* **Provided material**:

=-=-=

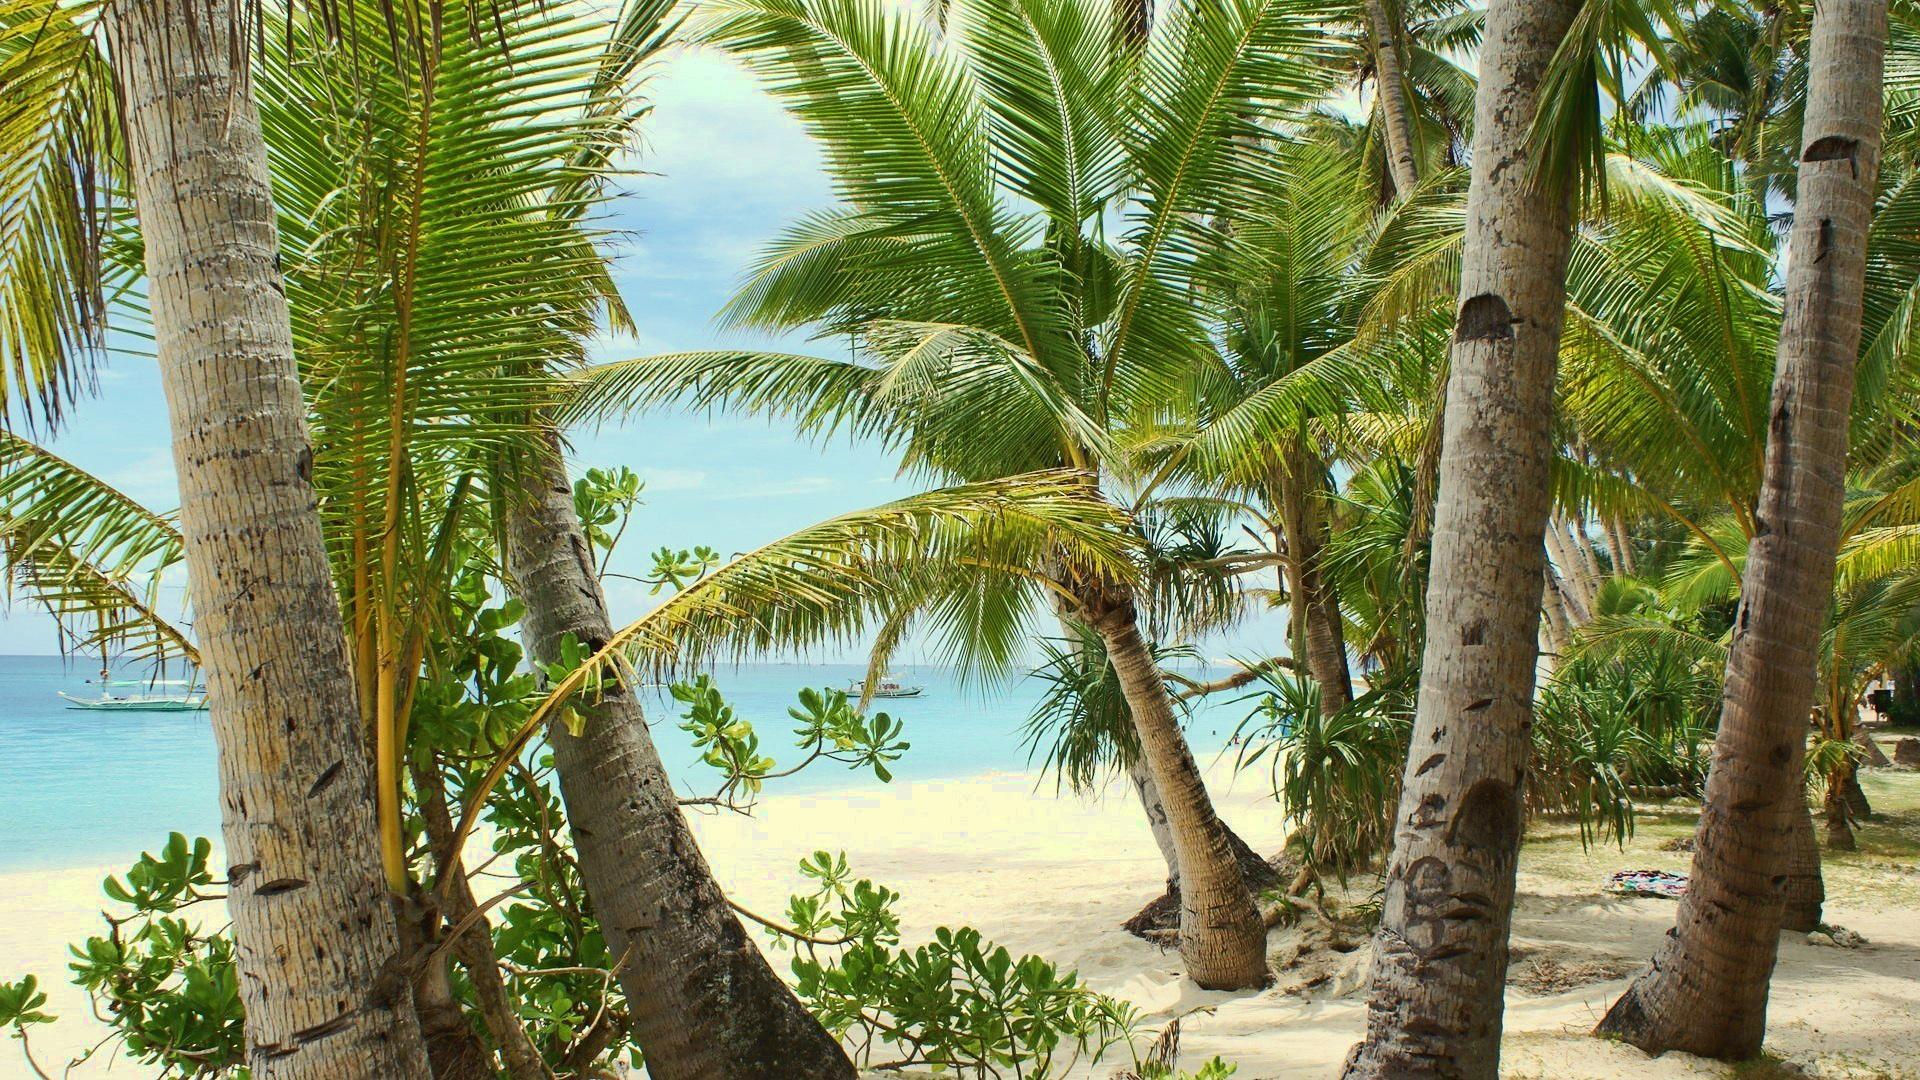 пальма фонарики ствол онлайн
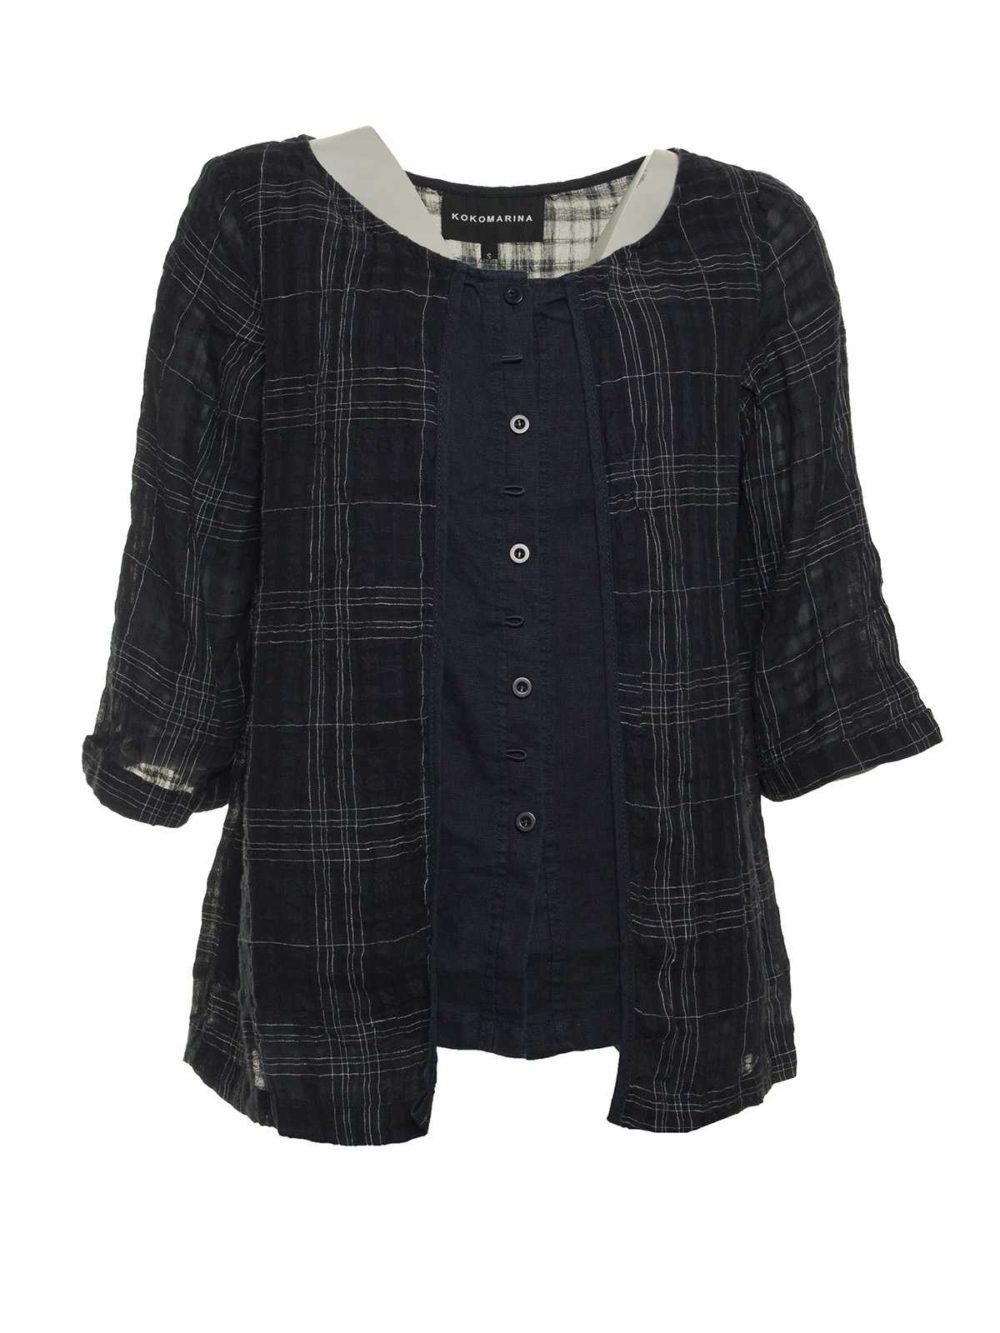 Hika Shirt Kokomarina Katie Kerr Women's Clothing
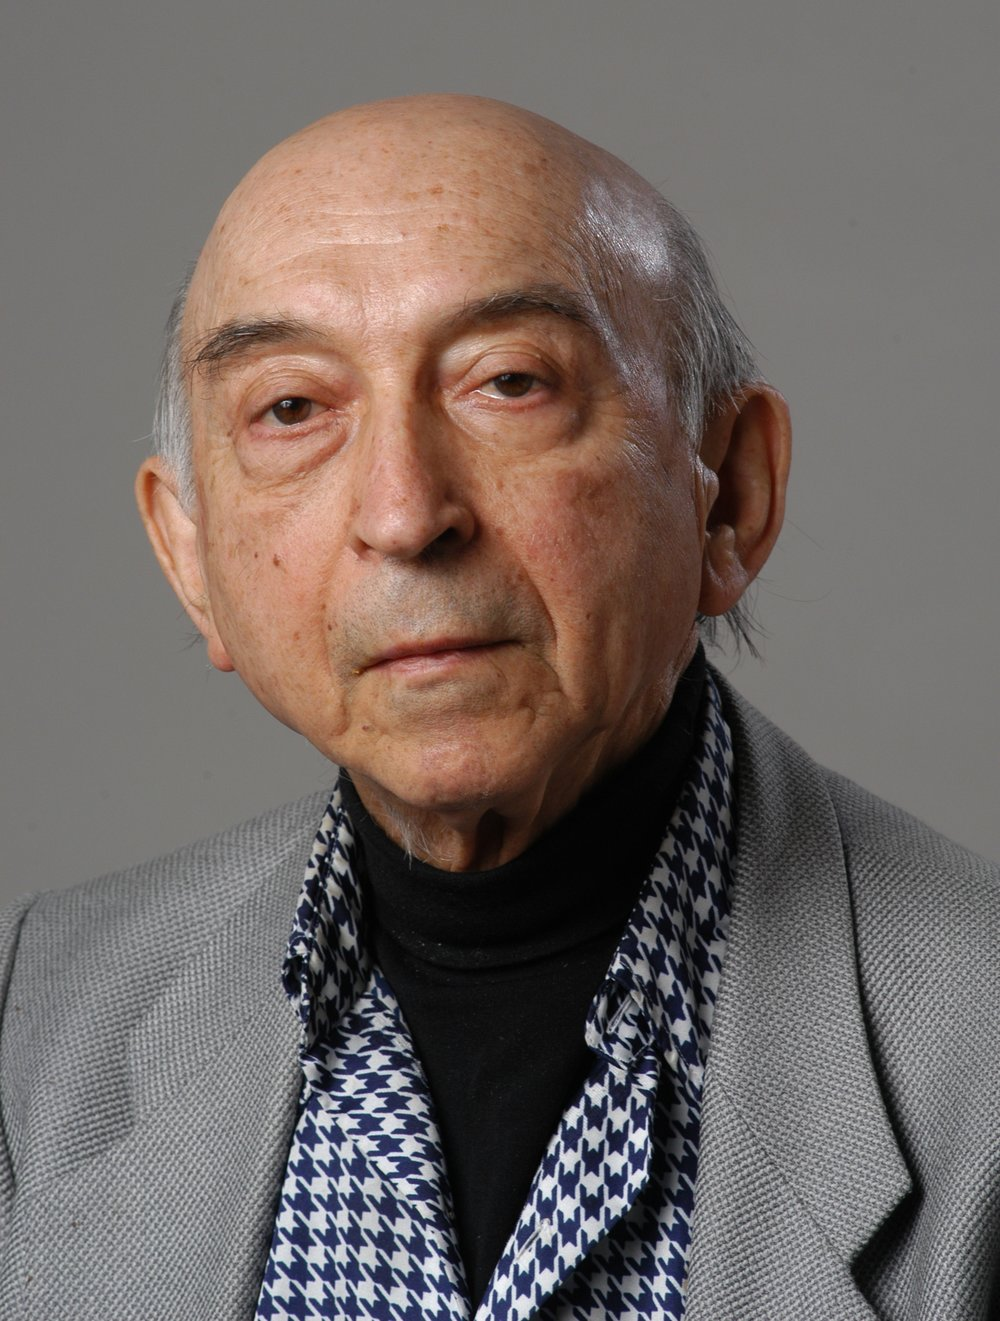 Lotfi A. Zadeh
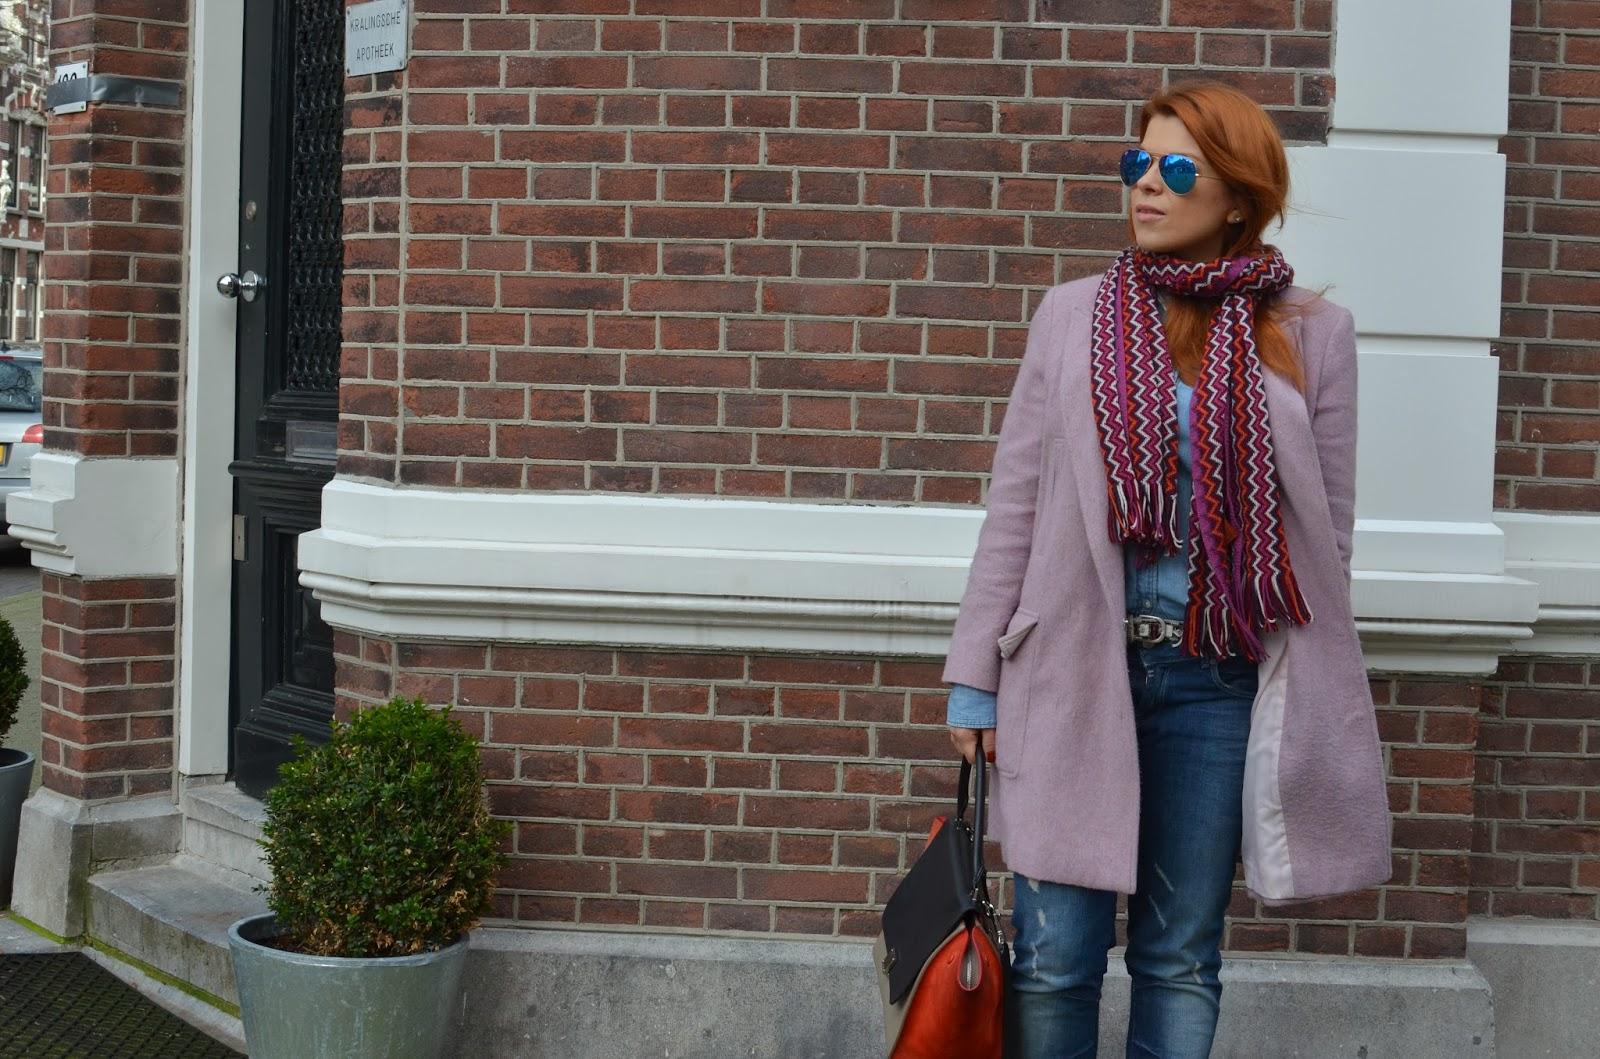 fashion bridge, fashion-bridge.blogspot.com, fashion bridge blog, street style, street style netherlands, street fashion, street fashion netherlands, celine trapeze bag, missoni scarves, jak joten, tres jewellery, brooches, pink coats, street style pink coats

=-=-=

* **Exercise description**:
Write the data out again word for word; leave the pictures behind.

* **Answer**:
 пальма фонарики ствол онлайн
 Hika Shirt Kokomarina Katie Kerr Women's Clothing
 Lotfi A. Zadeh
 fashion bridge, fashion-bridge.blogspot.com, fashion bridge blog, street style, street style netherlands, street fashion, street fashion netherlands, celine trapeze bag, missoni scarves, jak joten, tres jewellery, brooches, pink coats, street style pink coats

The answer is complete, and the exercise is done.